* WHAT THE TASK ASKS
Images don't belong in the copy. Output the rest of the data exactly.

* DATASET EXTRACT
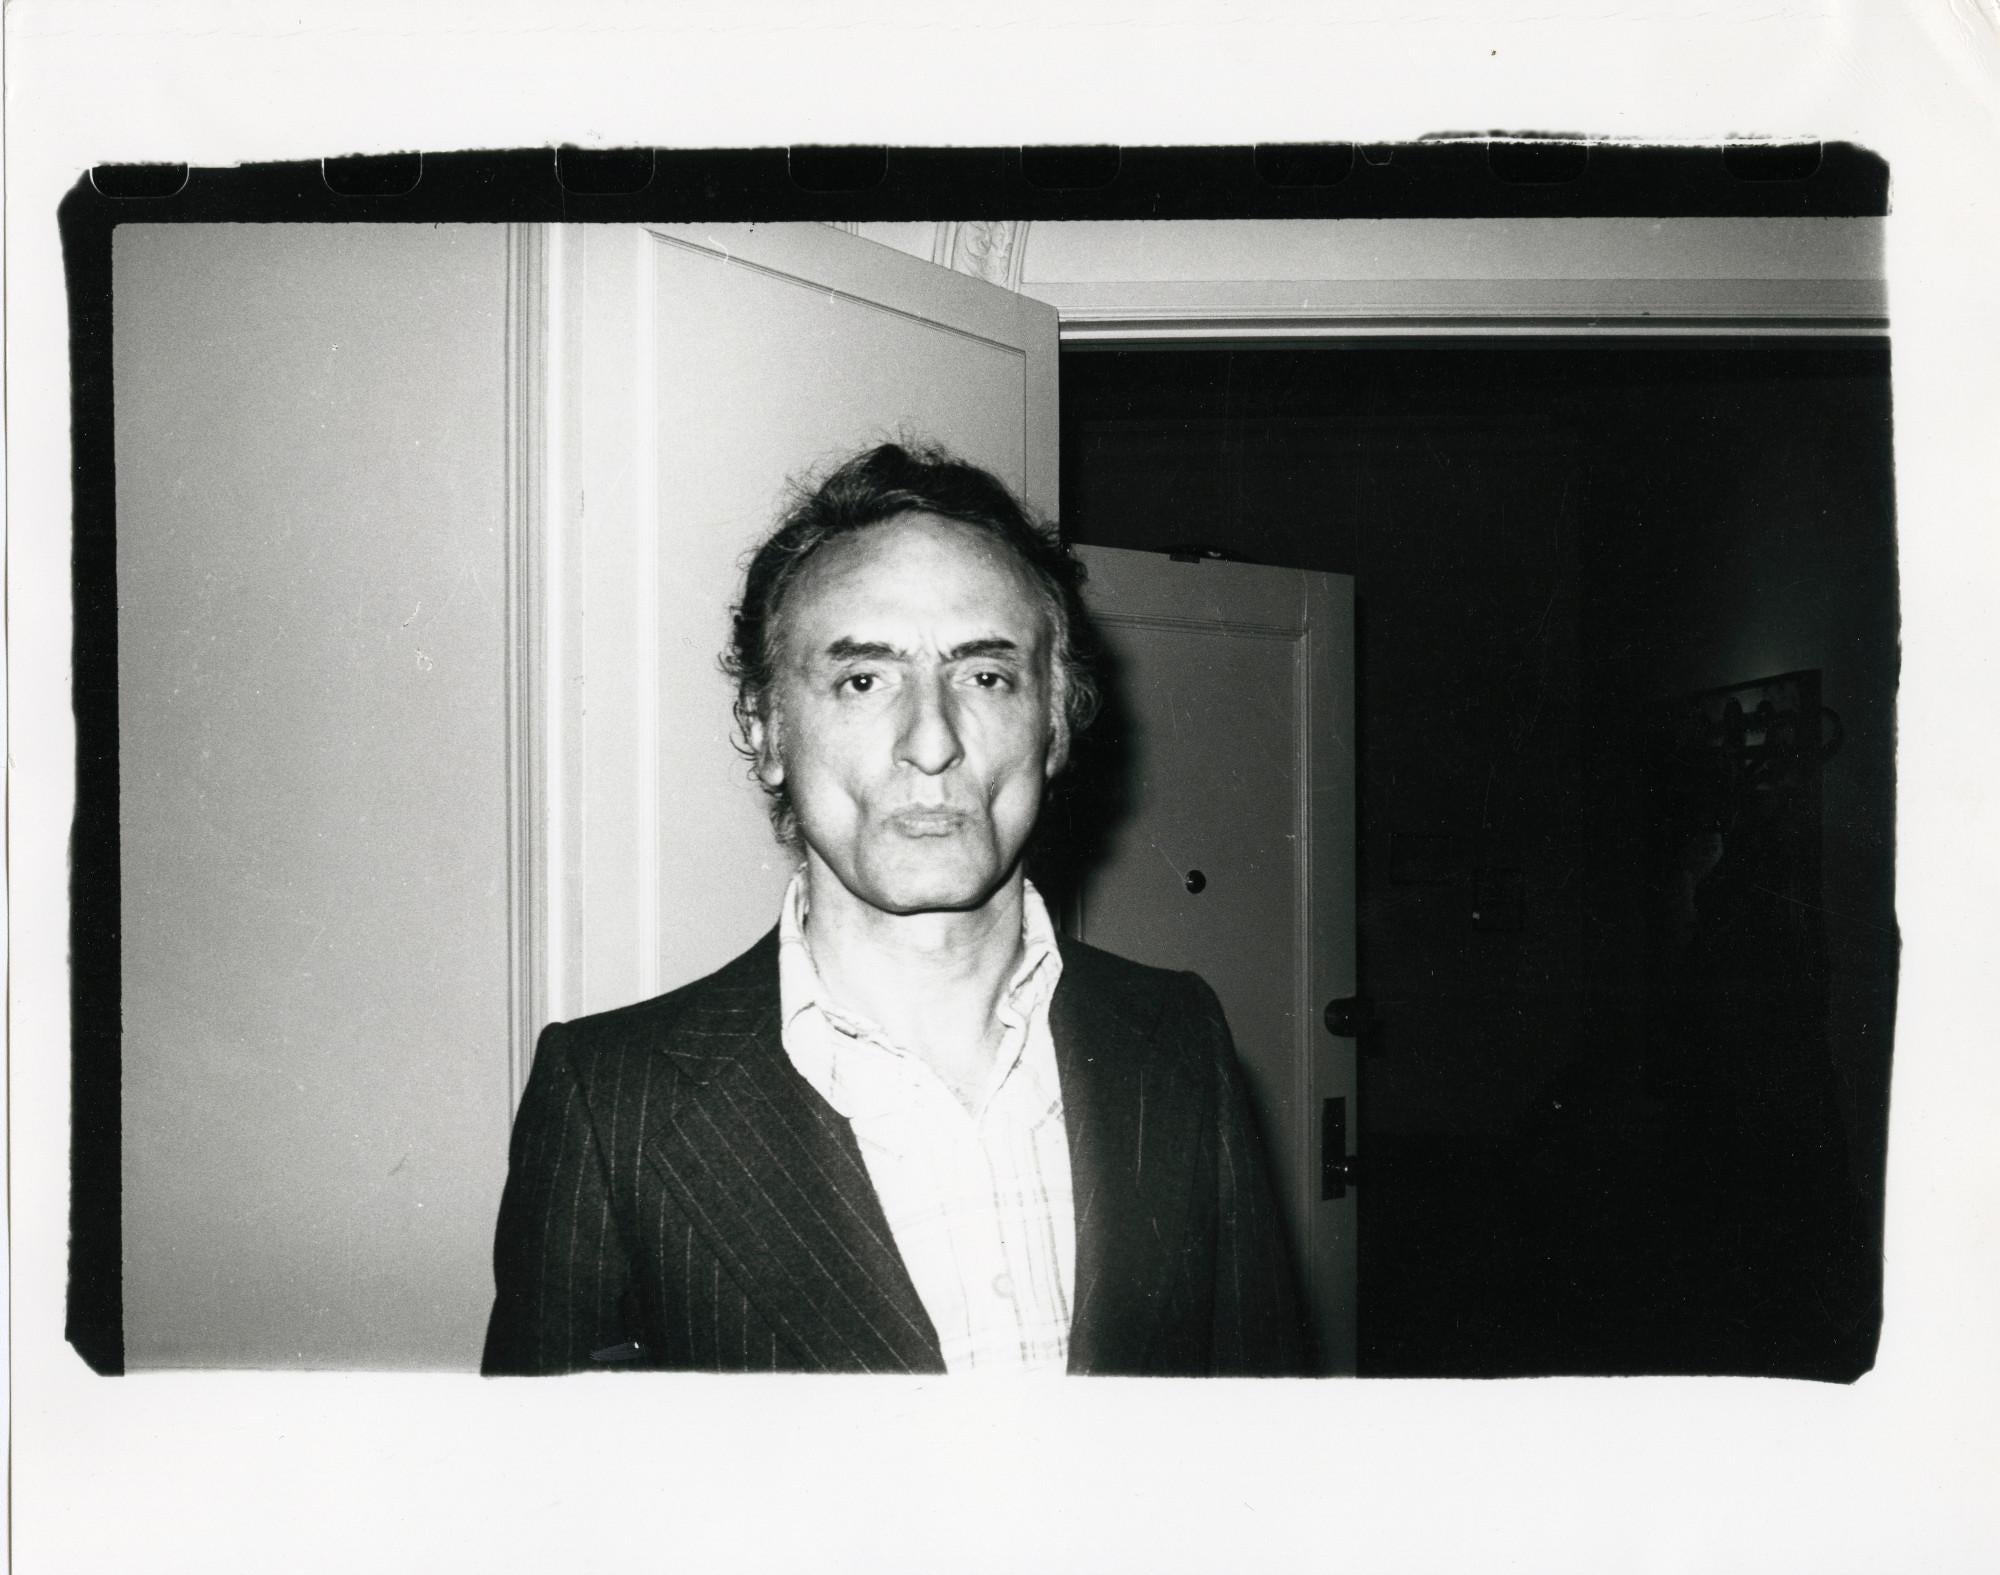 Andy Warhol Portrait Photograph – Larry Rivers
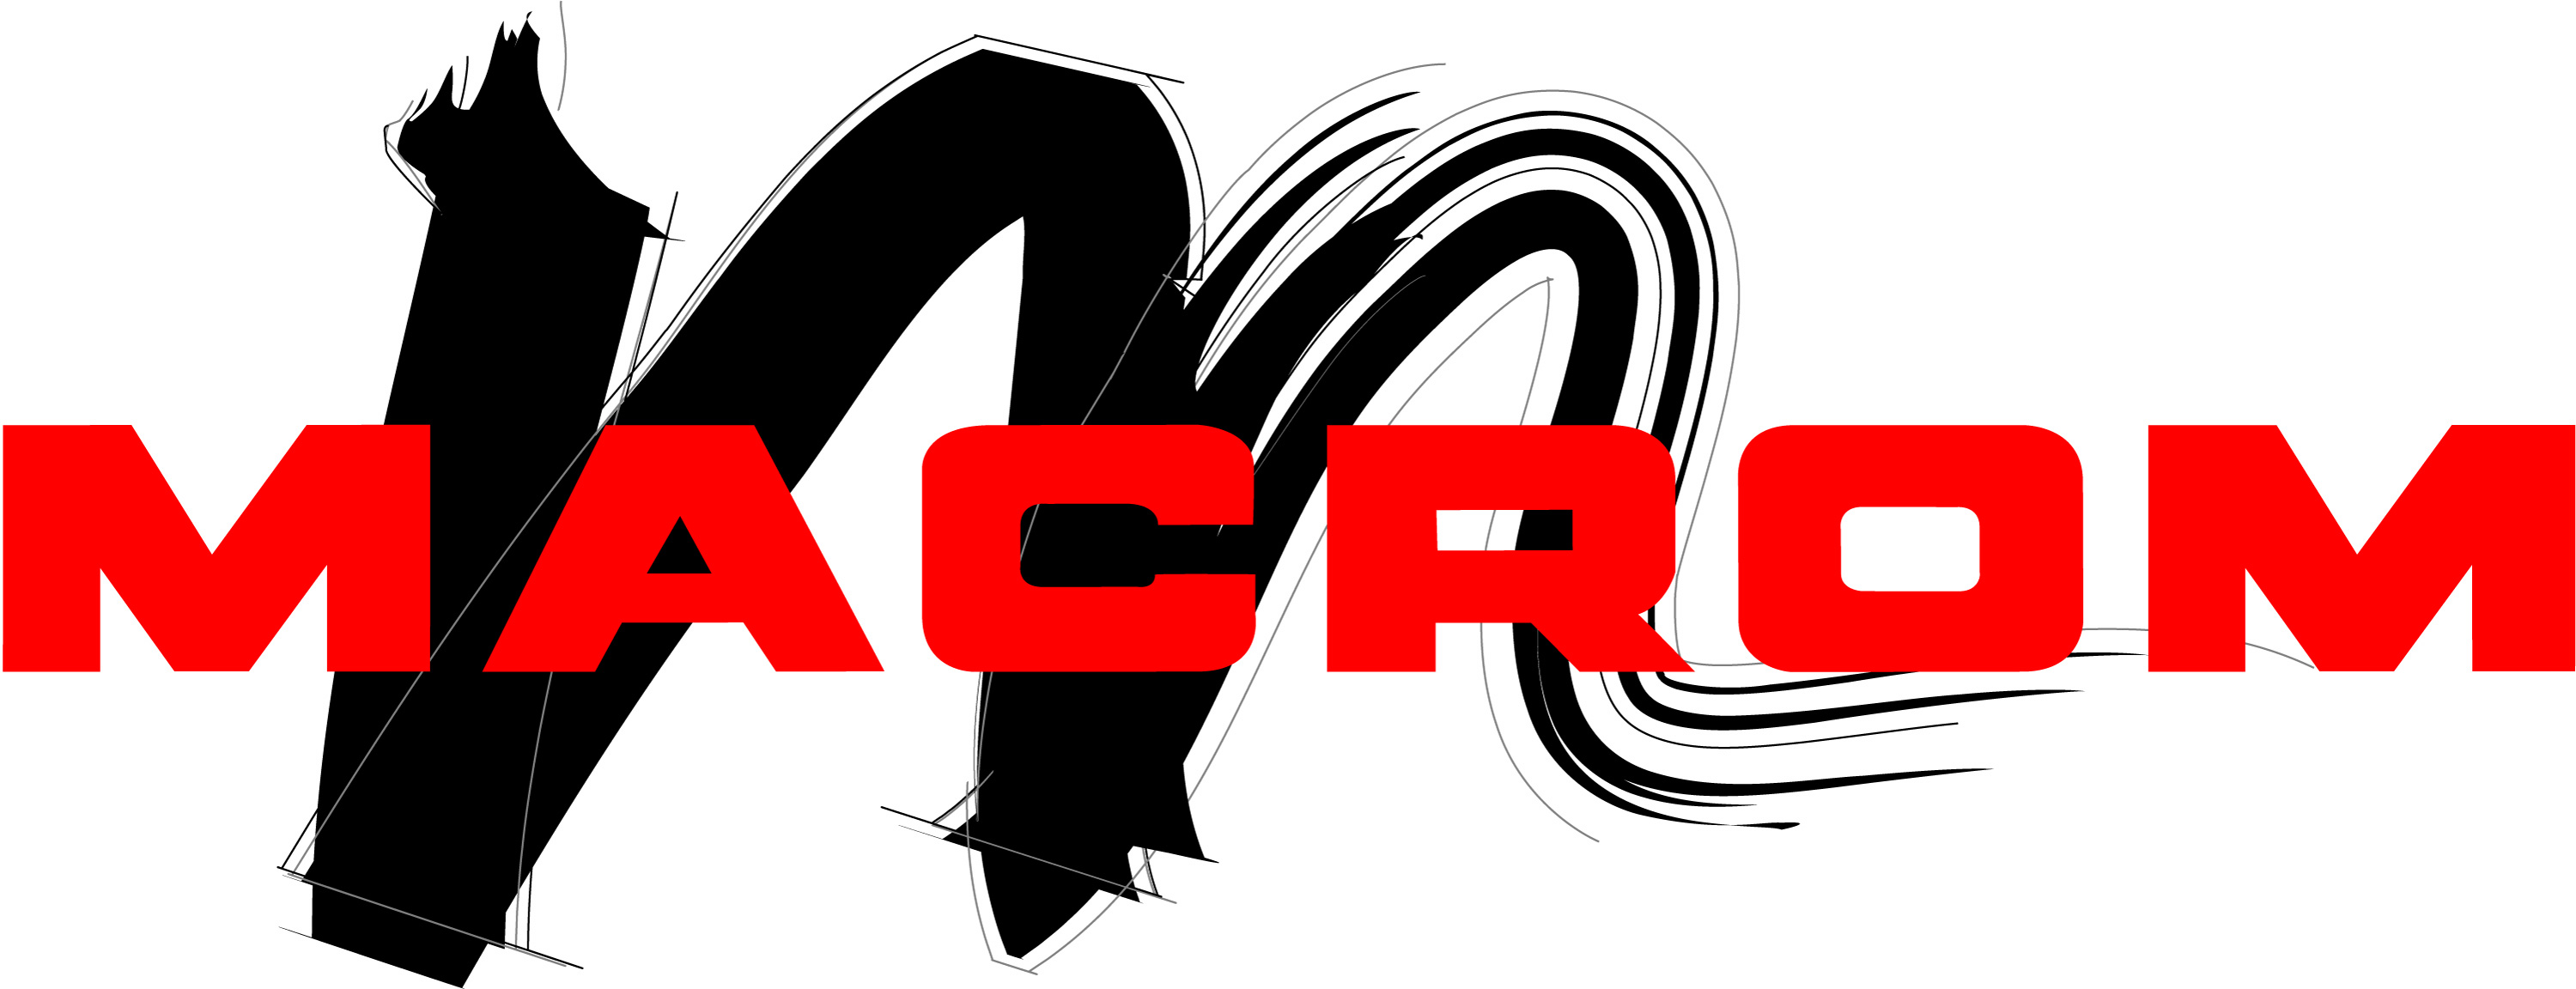 macrom Logo photo - 1
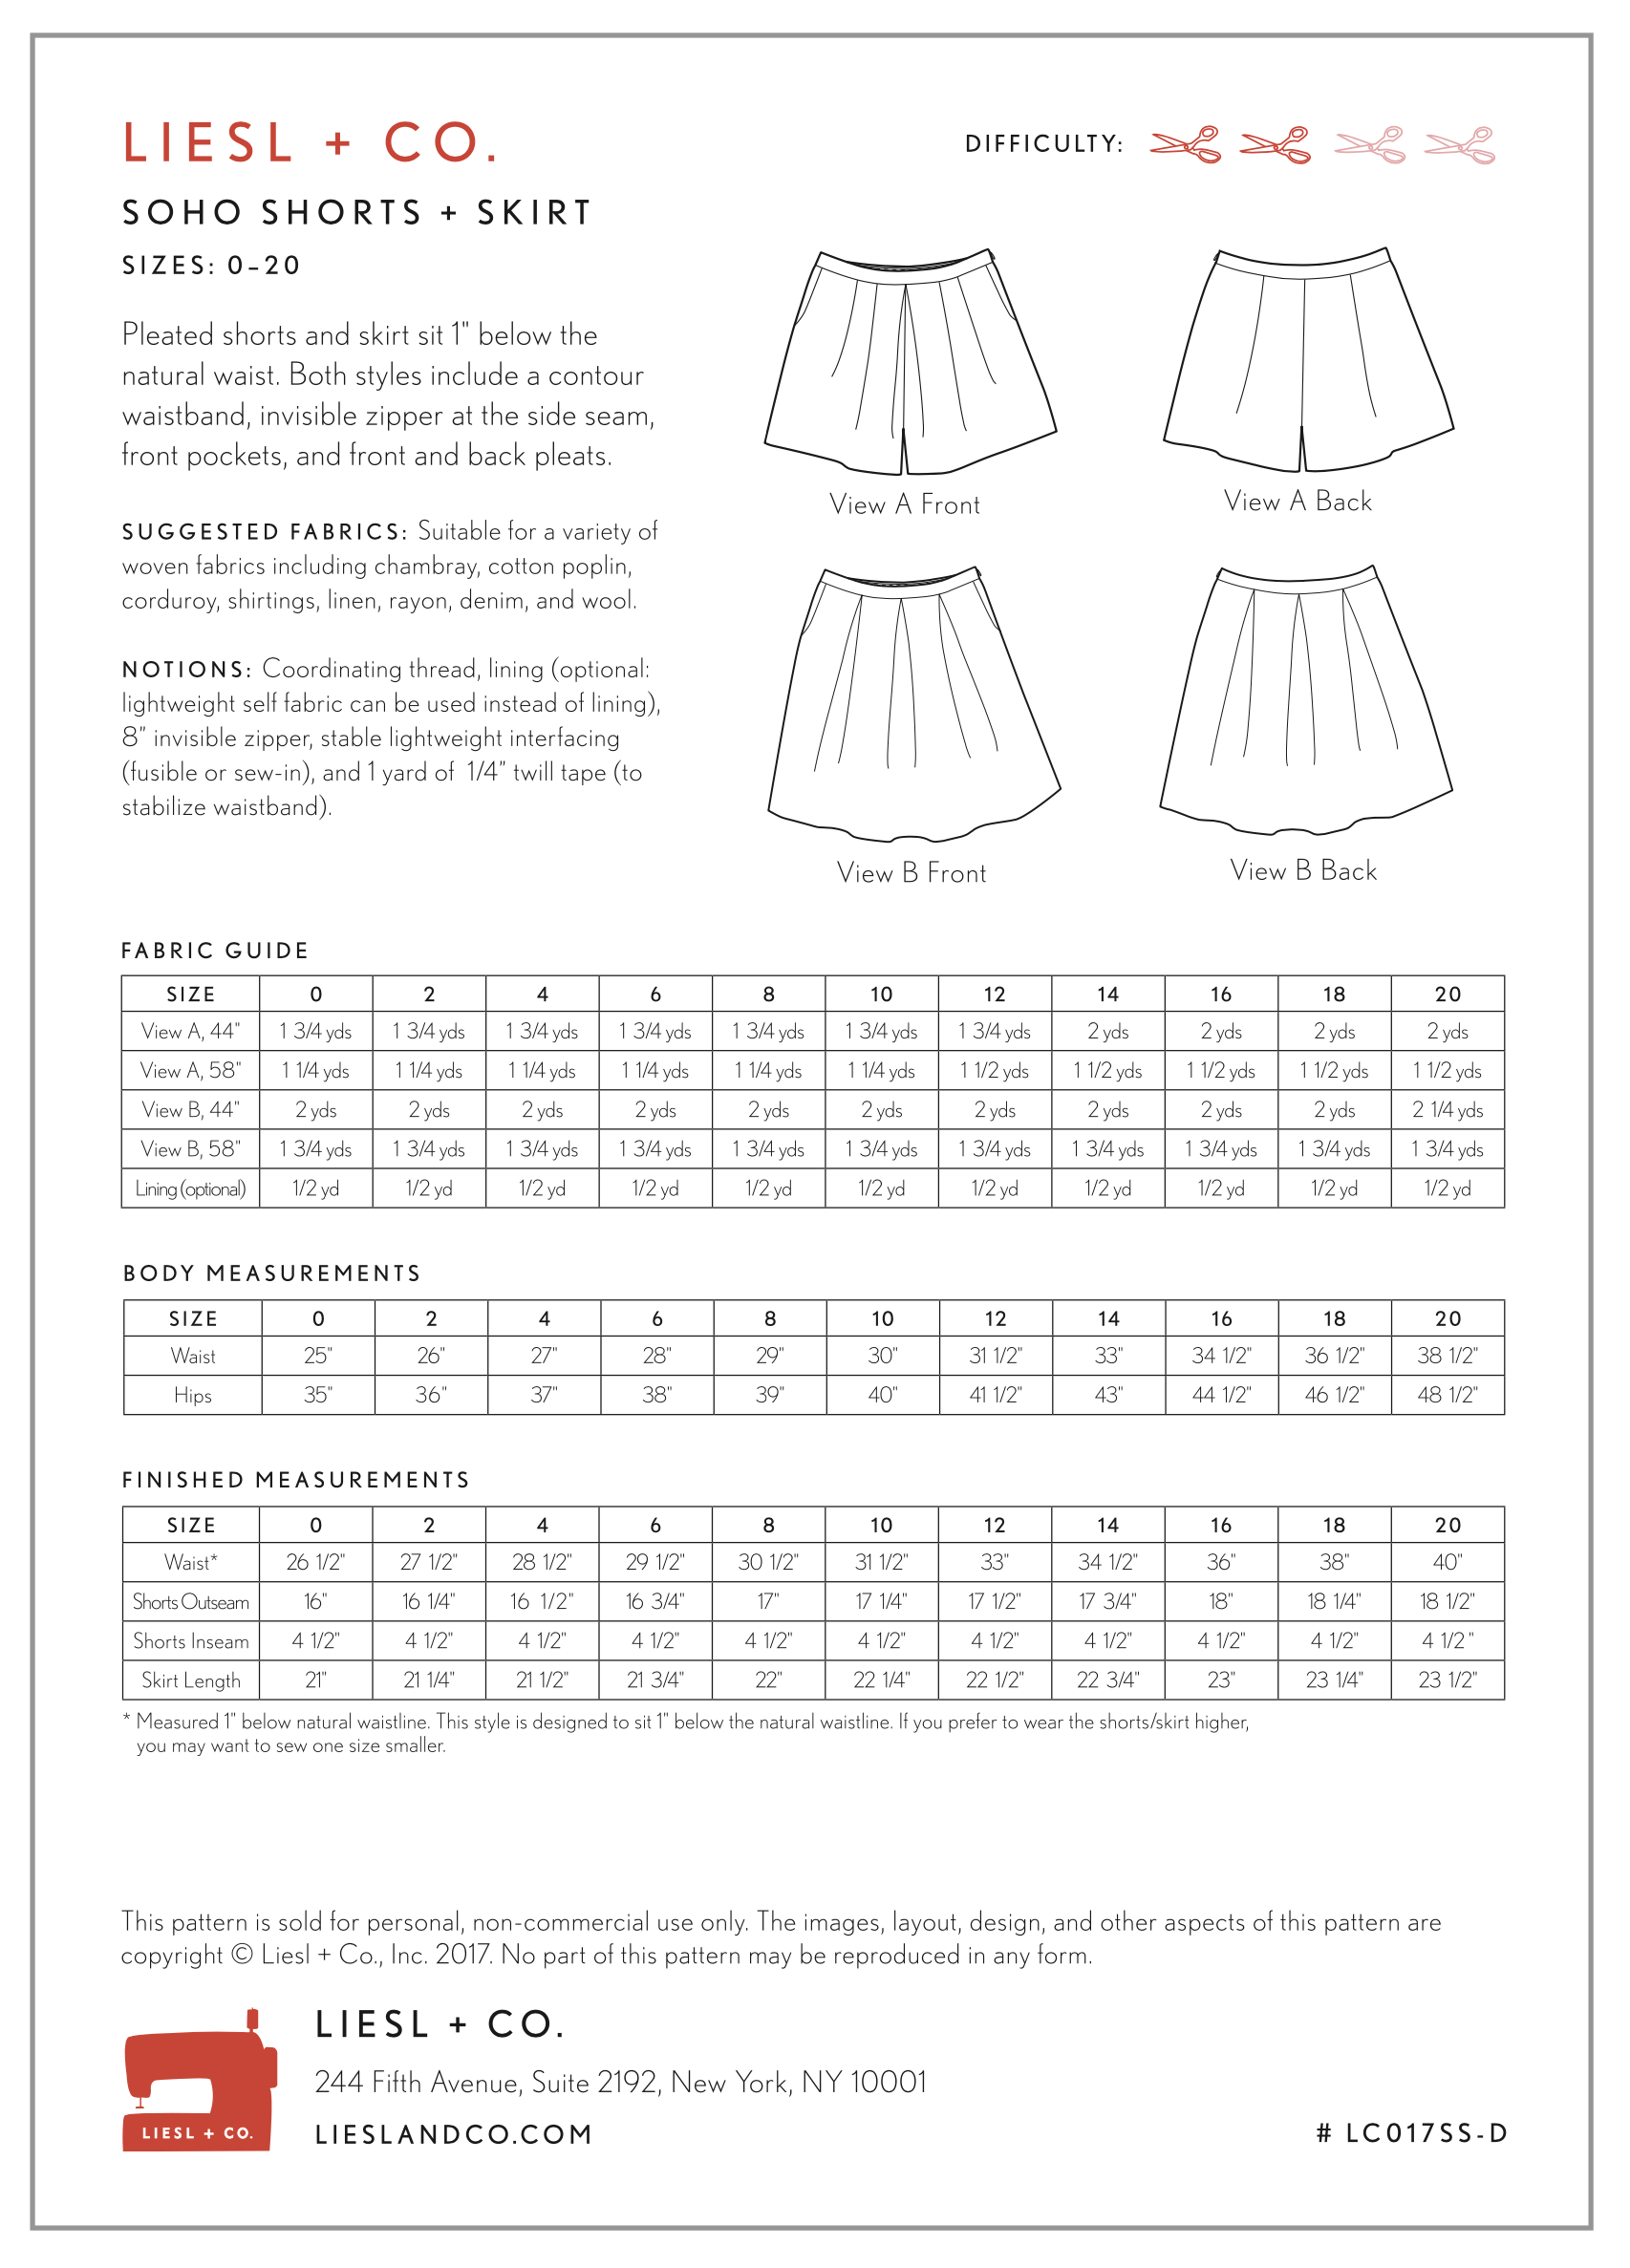 Liesl + Co Soho Shorts and Skirt - The Fold Line

* OUTPUT OF THE TASK
 Andy Warhol Portrait Photograph – Larry Rivers
 macrom Logo photo - 1
 Liesl + Co Soho Shorts and Skirt - The Fold Line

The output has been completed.